■ **What you have to do**: Could you copy the records below exactly, keeping none of the images?

■ **Data under study**:

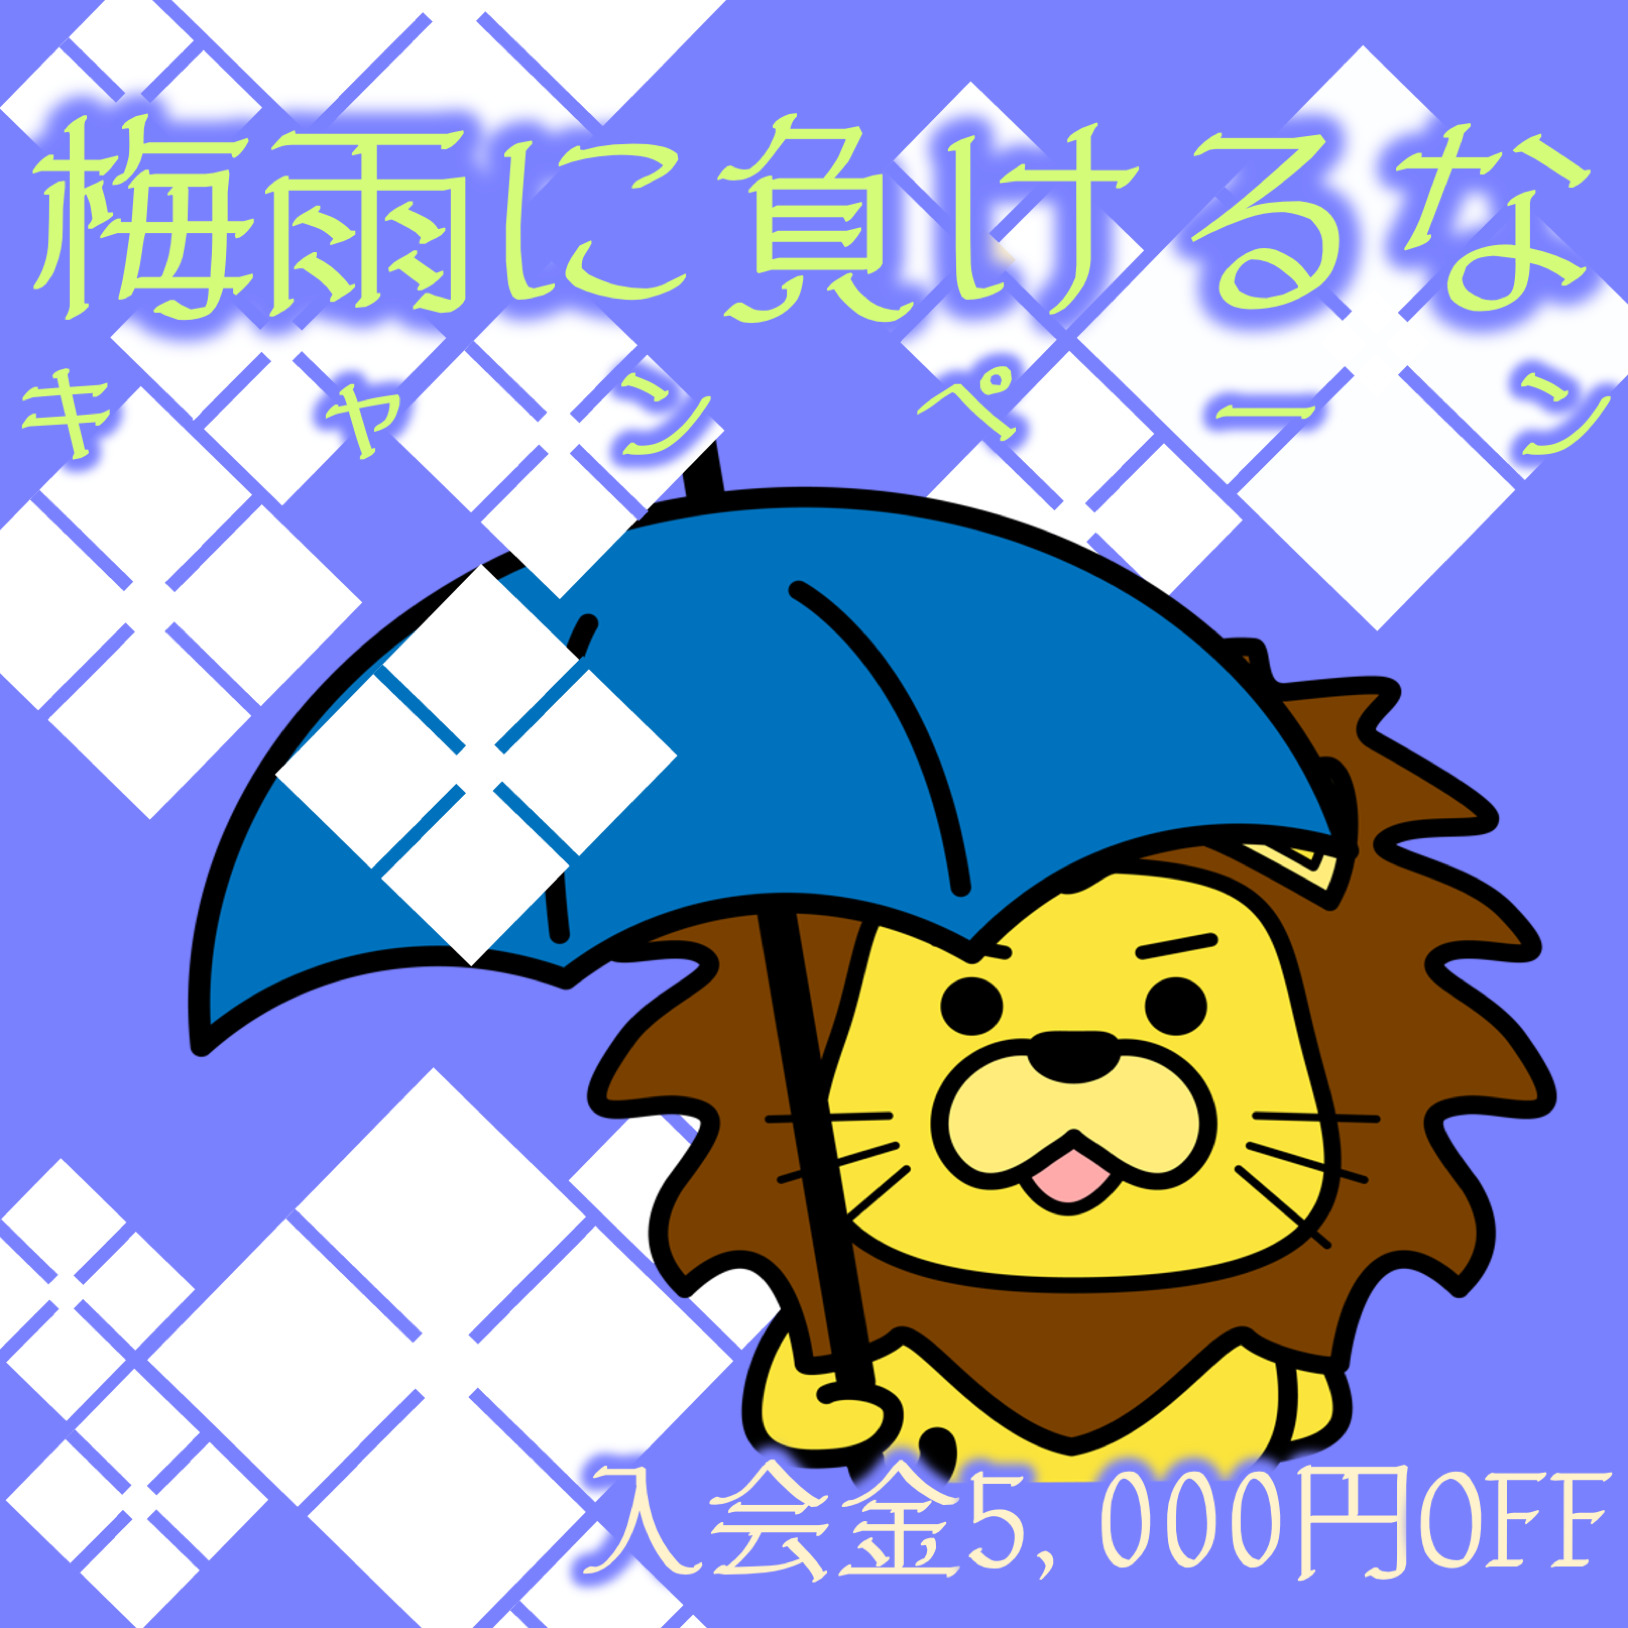 【6月】梅雨に負けるなキャンペーン
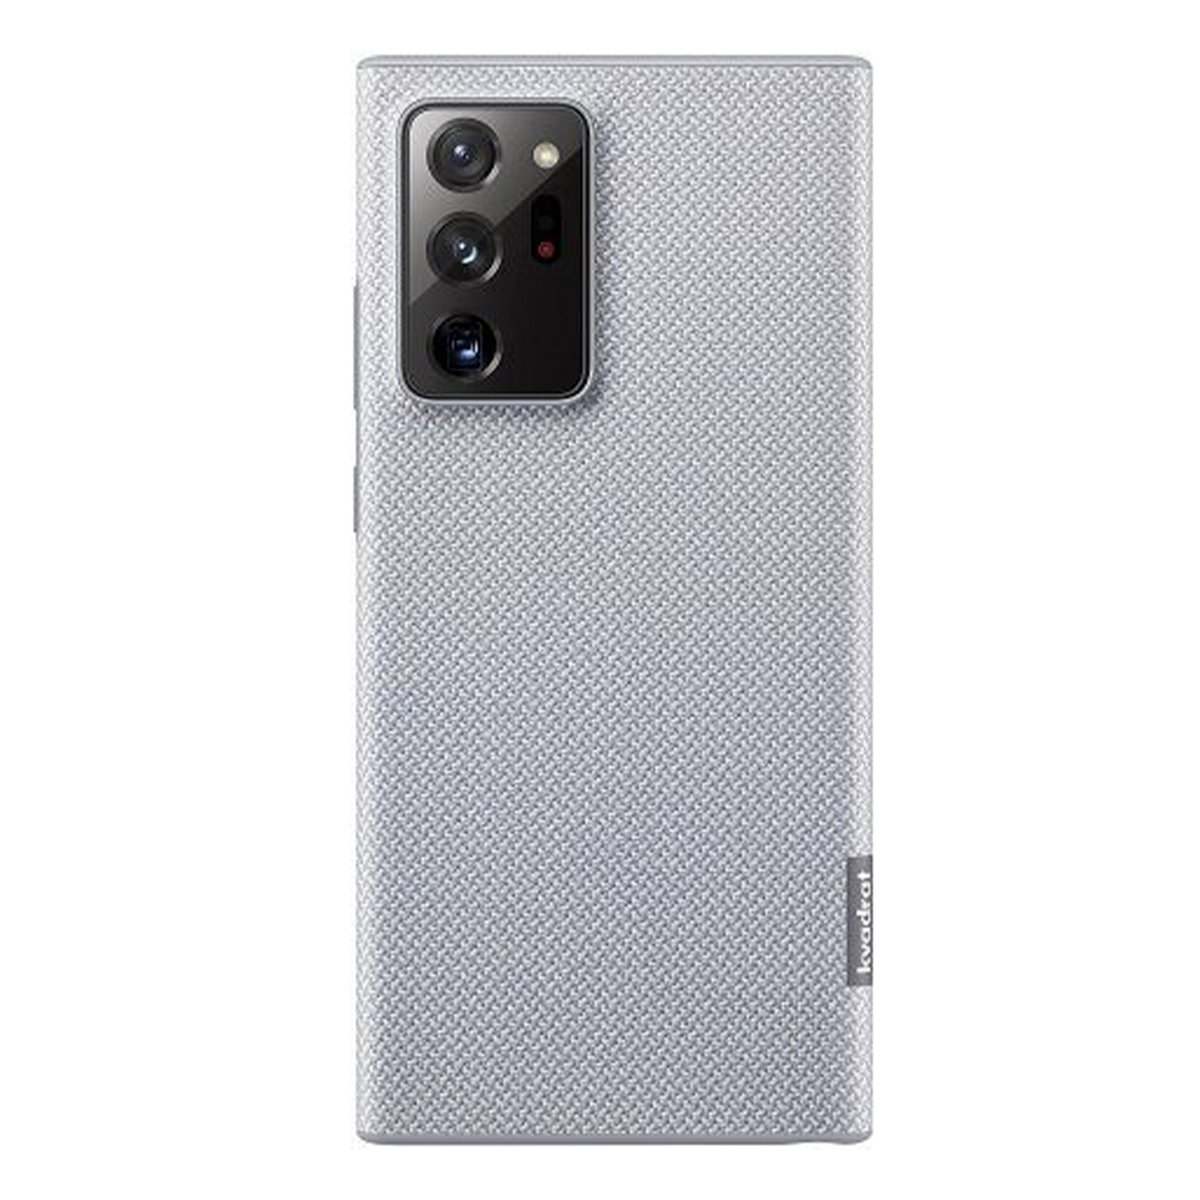 Samsung Galaxy Note 20 Ultra Kvadrat Cover EF-XN985FJEGWW Grey
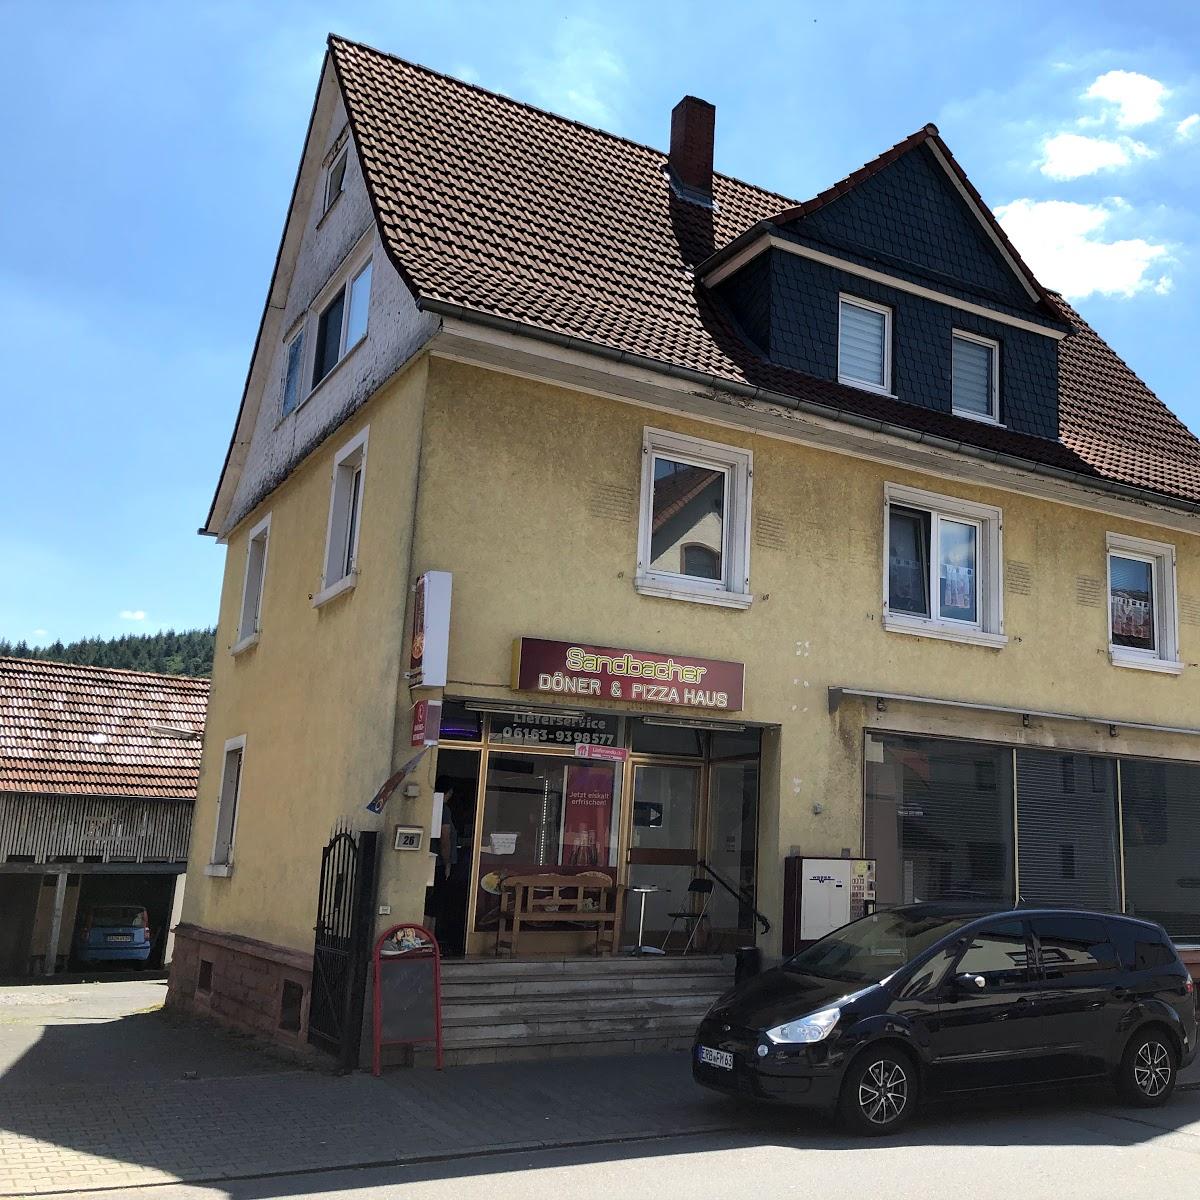 Restaurant "Ristorante Acquario" in  Odenwald
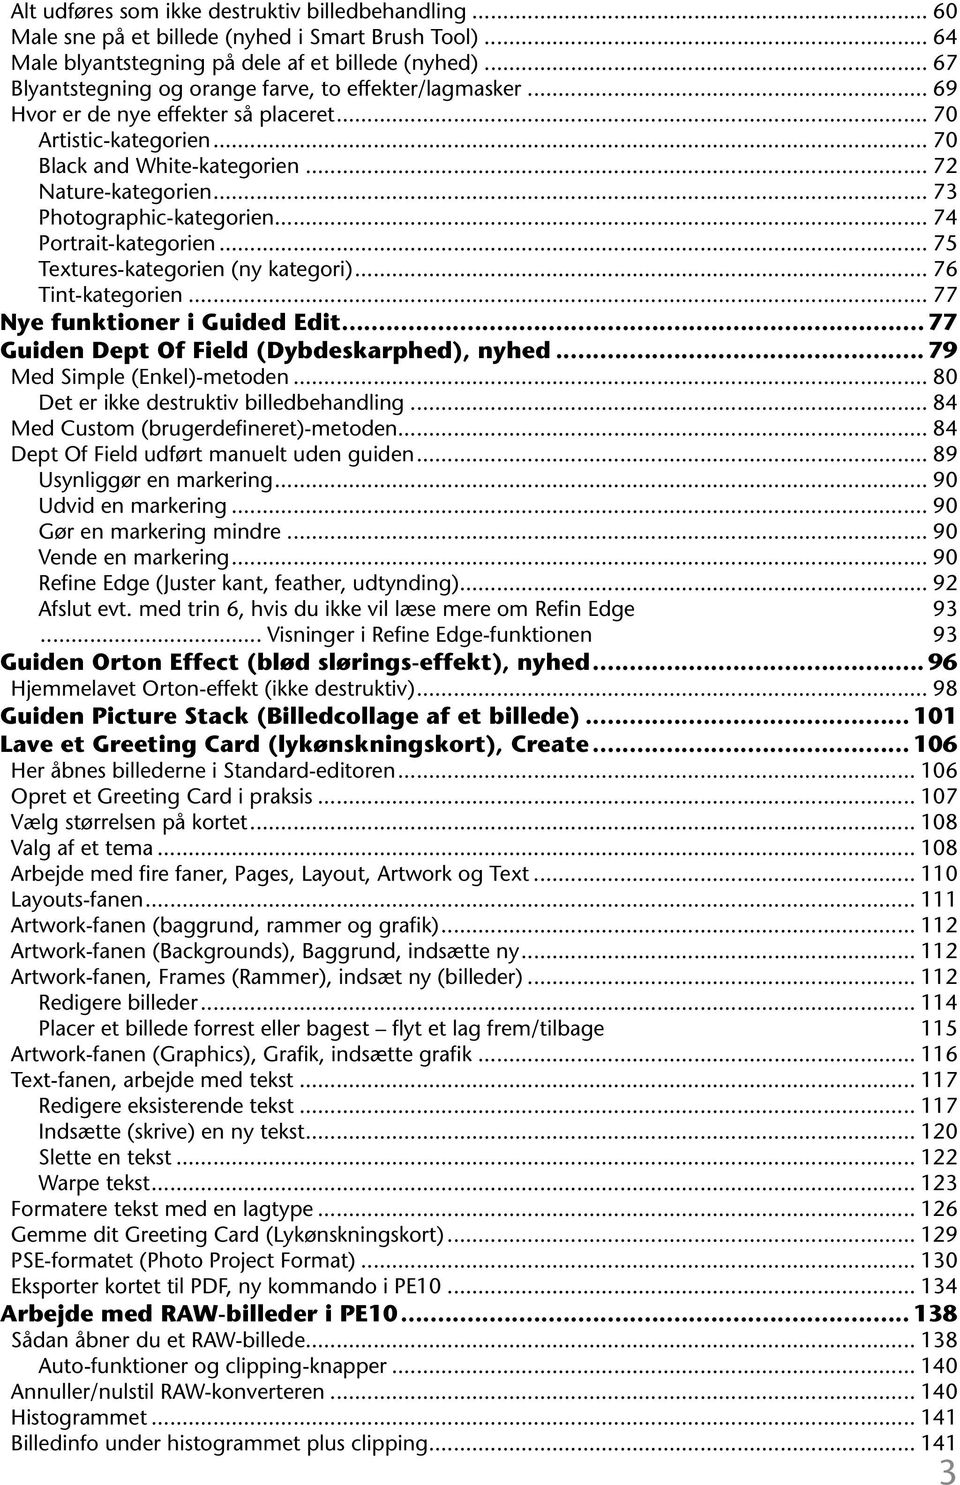 .. 75 Textures-kategorien (ny kategori) 76 Tint-kategorien... 77 Nye funktioner i Guided Edit... 77 Guiden Dept Of Field (Dybdeskarphed), nyhed.
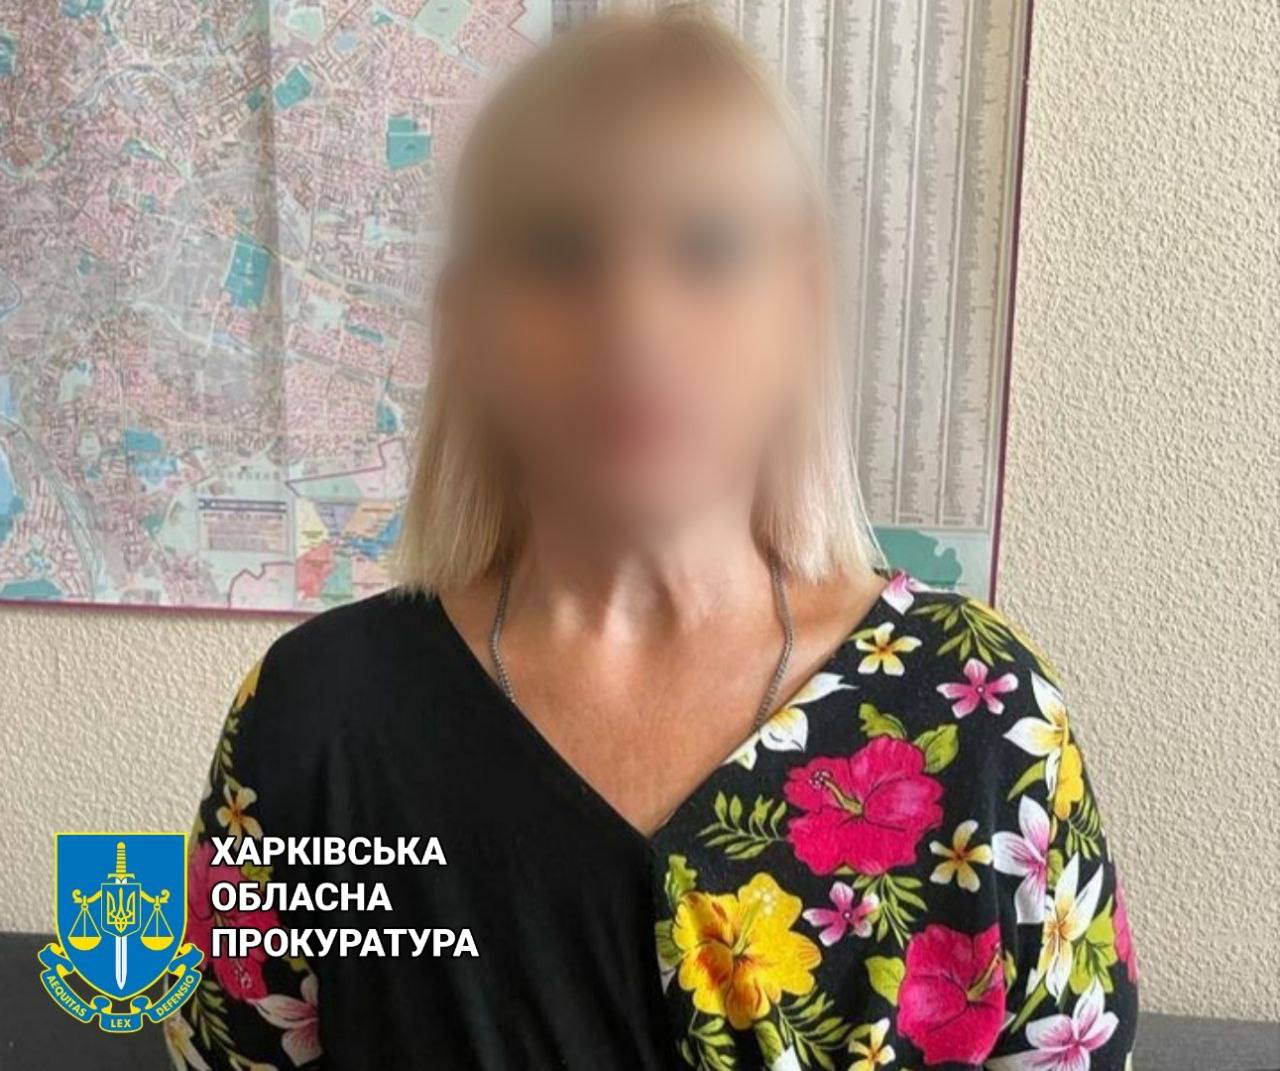 Публічно вихваляла країну-агресора жінка у Харкові

■ **Answer**:
 【6月】梅雨に負けるなキャンペーン
 Samsung Galaxy Note 20 Ultra Kvadrat Cover EF-XN985FJEGWW Grey
 Restaurant "Ristorante Acquario" in  Odenwald
 .. 75 Textures-kategorien (ny kategori) 76 Tint-kategorien... 77 Nye funktioner i Guided Edit... 77 Guiden Dept Of Field (Dybdeskarphed), nyhed.
 Публічно вихваляла країну-агресора жінка у Харкові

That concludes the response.